Glasgow, Edinburgh & Cardiff – The Welge Report

 

 

Hello Fellow Travelers:

 

Welcome to our world of business information, adventure, birding, botanical gardens, good eating and fine wines.  This newsletter provides you with The Welge Report for Glasgow, Edinburgh & Cardiff .

Please share it with your friends, customers and associates.  You can also access more than 100 cities on our website plus lots of other helpful travel tips at:  thewelgereport.com/

Recognition:  We extend special thanks to the people who manage and/or own the institutions, museums and restaurants featured in our guides.  In some instances we have relied on their descriptions and photos

 

Glasgow,  Edinburgh & Cardiff

 

Birding Opps:  Info for our birding friends.  In and near Glasgow you can see these species:  Barn Owls, Hen Harriers, Sparrowhawks, Willow Warbler, Wood Warbler, Jack Snipr and Pied Wagtail.

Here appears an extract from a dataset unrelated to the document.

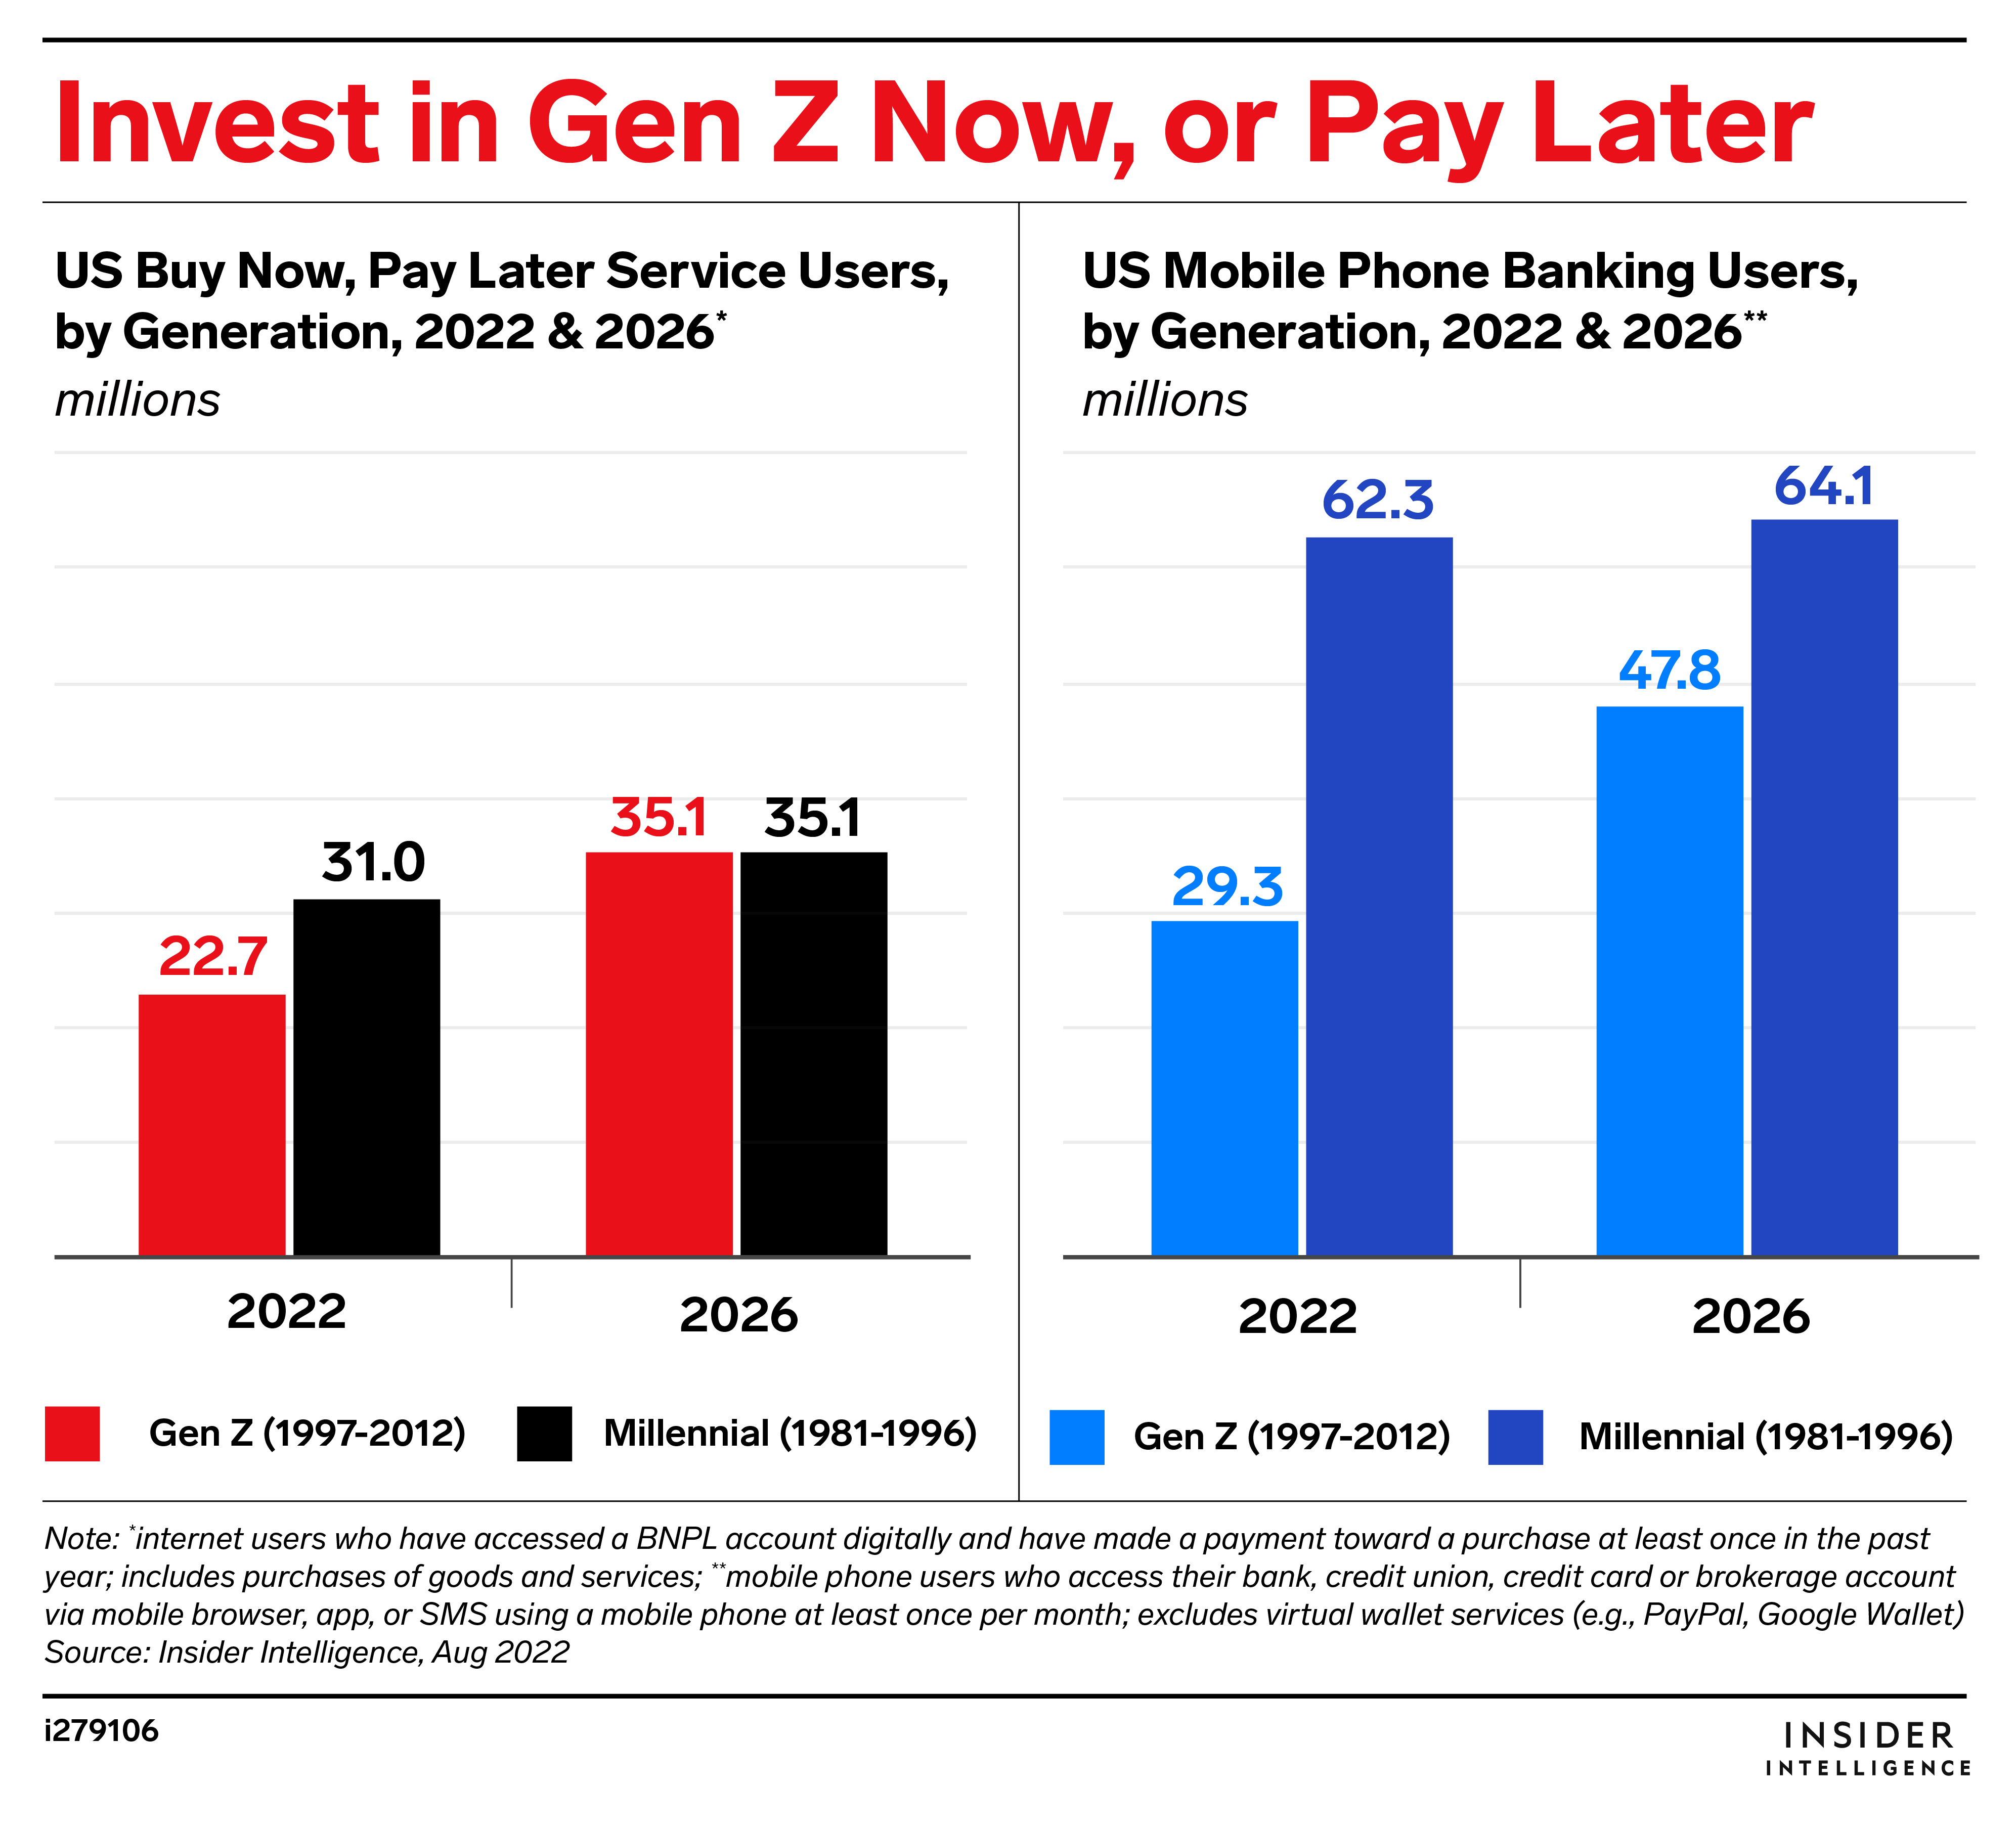 Invest in Gen Z Now, or Pay Later, 2022 & 2026 (millions)

The Bird Forum (birdforum.net/showthread.php?t=257701) is a little dated but it has good suggestions on areas and transportation to them.

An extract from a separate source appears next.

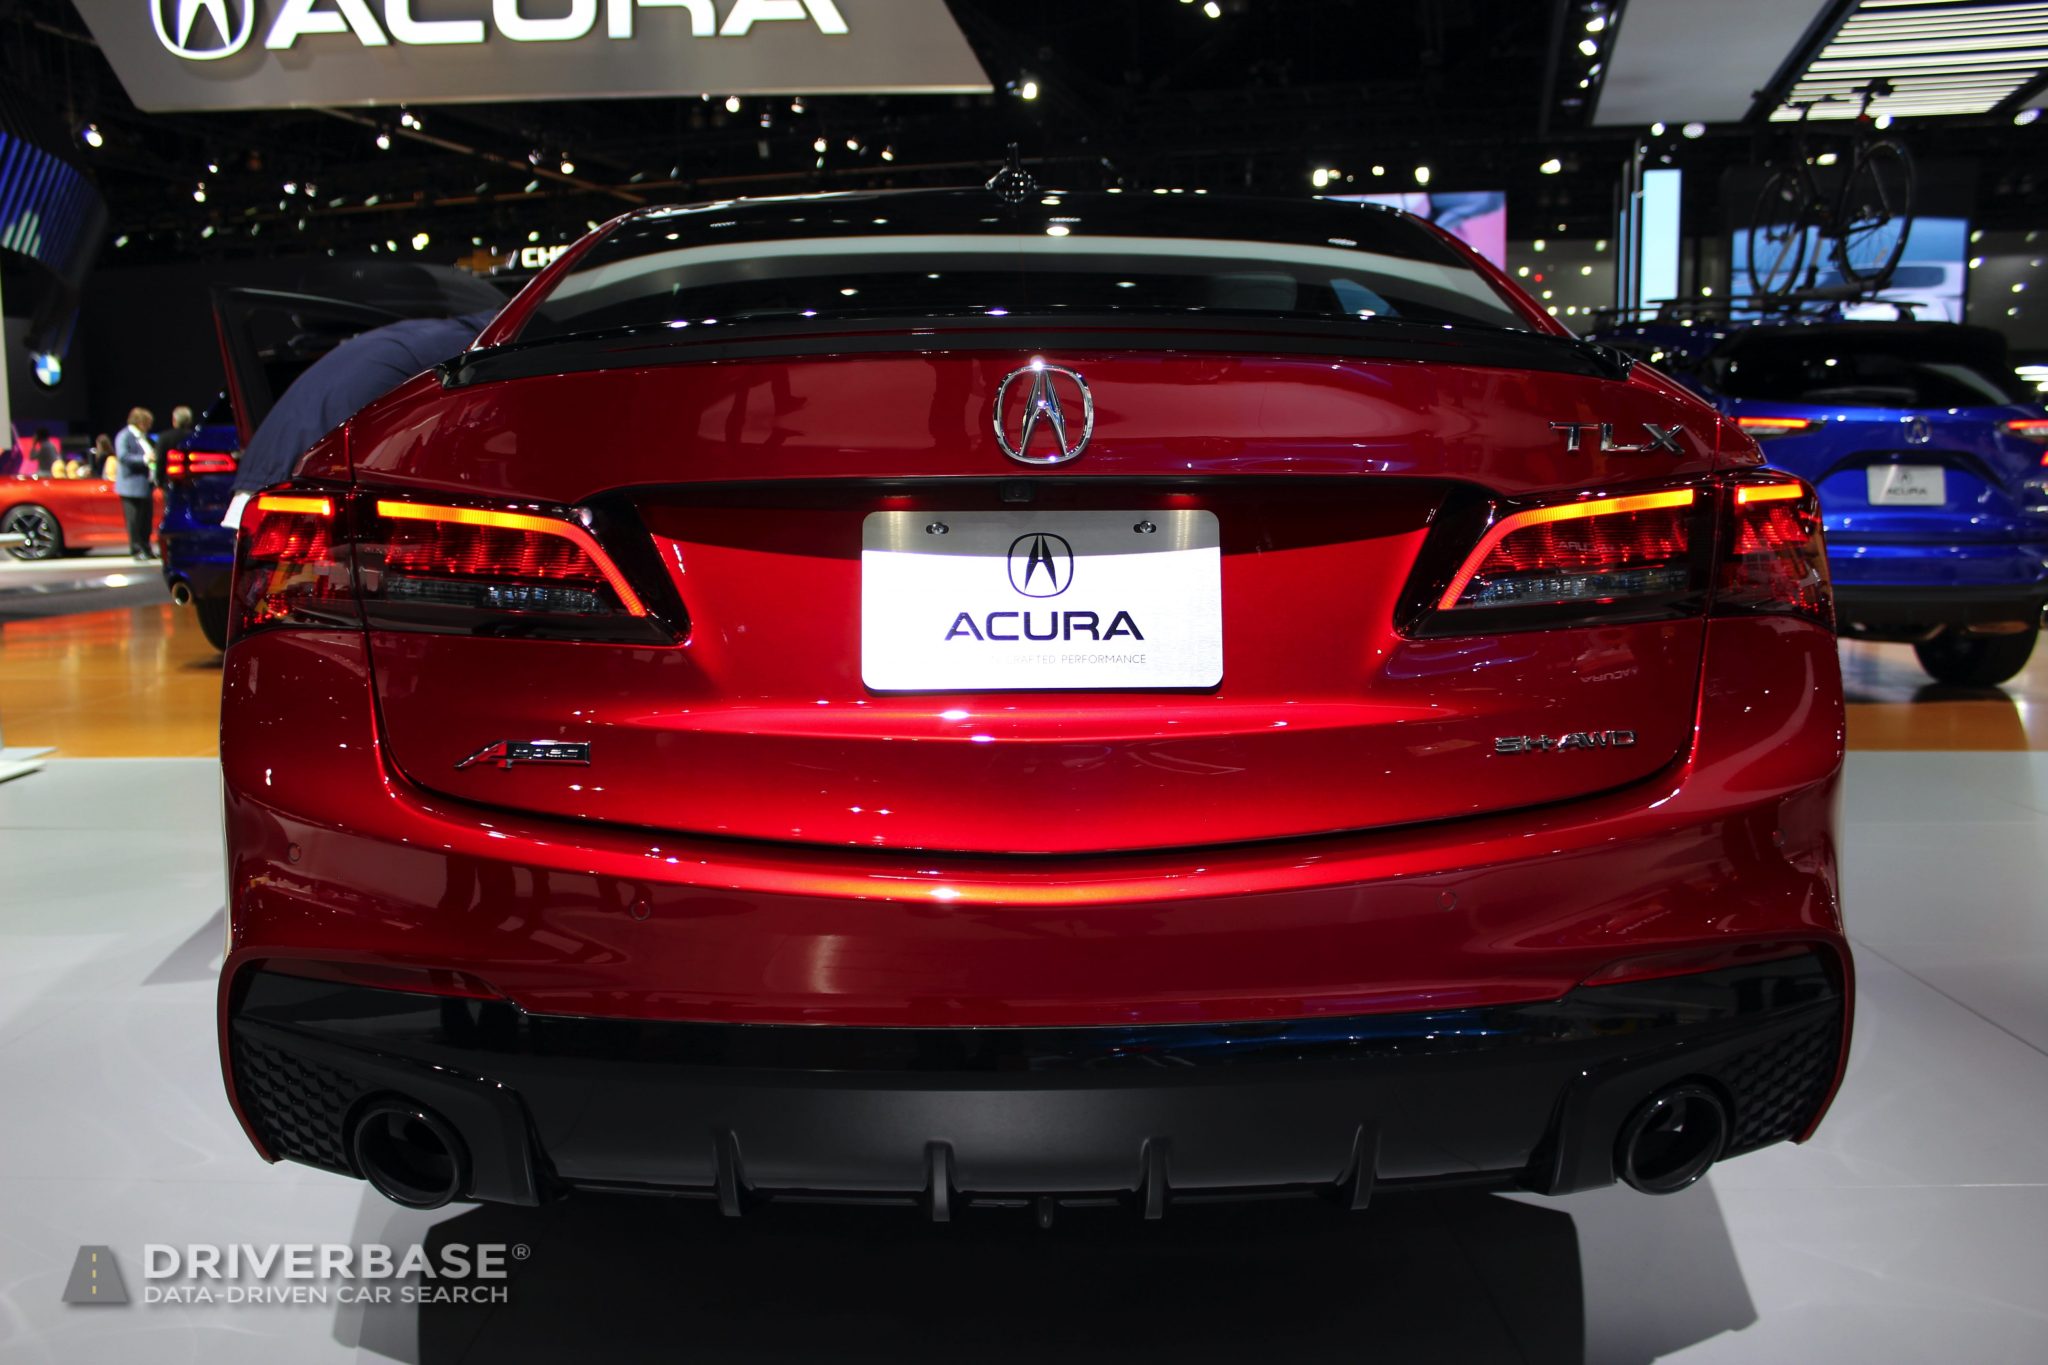 2020 Acura TLX at the 2019 Los Angeles Auto Show

Dave’s Birding Blog (http://davesbirdingblog.blogspot.com/2012/07/balmy-summer-birding-near-glasgow.html) offers tips on birding areas and ice cream.

 The Fat Birder (fatbirder.com/links_geo/europe/scotland_city_of_glasgow.html) offers information on sites and additional species.

 

Transportation:  This is your site for public transportation (spt.co.uk)

Business Information:  Here is help in regard to your business: (http://investglasgow.com/)

Exchange Rates (http://www.x-rates.com/)

 

Day One:  Your first stop is The Hunterian Museum – Tu-Sa: 10-5, Su: 11-4, University of Glasgow, University Ave, 440 141 330 4221

The Hunterian collections include scientific instruments used by James Watt, Joseph Lister, Lord Kelvin and Roman artifacts from the Antonine Wall.

Hunter’s own anatomical teaching collection, a large numismatic collection, ethnographic objects from Captain Cook’s Pacific voyages and a major art collection are on display.

The Hunterian is also home to the work of James McNeill Whistler.

 

Next we suggest seeing the St. Mungo Museum of Religious Life and Art – Tu-Sa: 10-5, Su: 11-5, 2 Castle Street, 44 141 276 1629.

It is described as the only public museum in the world devoted solely to this subject.  It has exhibits relating to all of the world’s major religions, including a Zen garden.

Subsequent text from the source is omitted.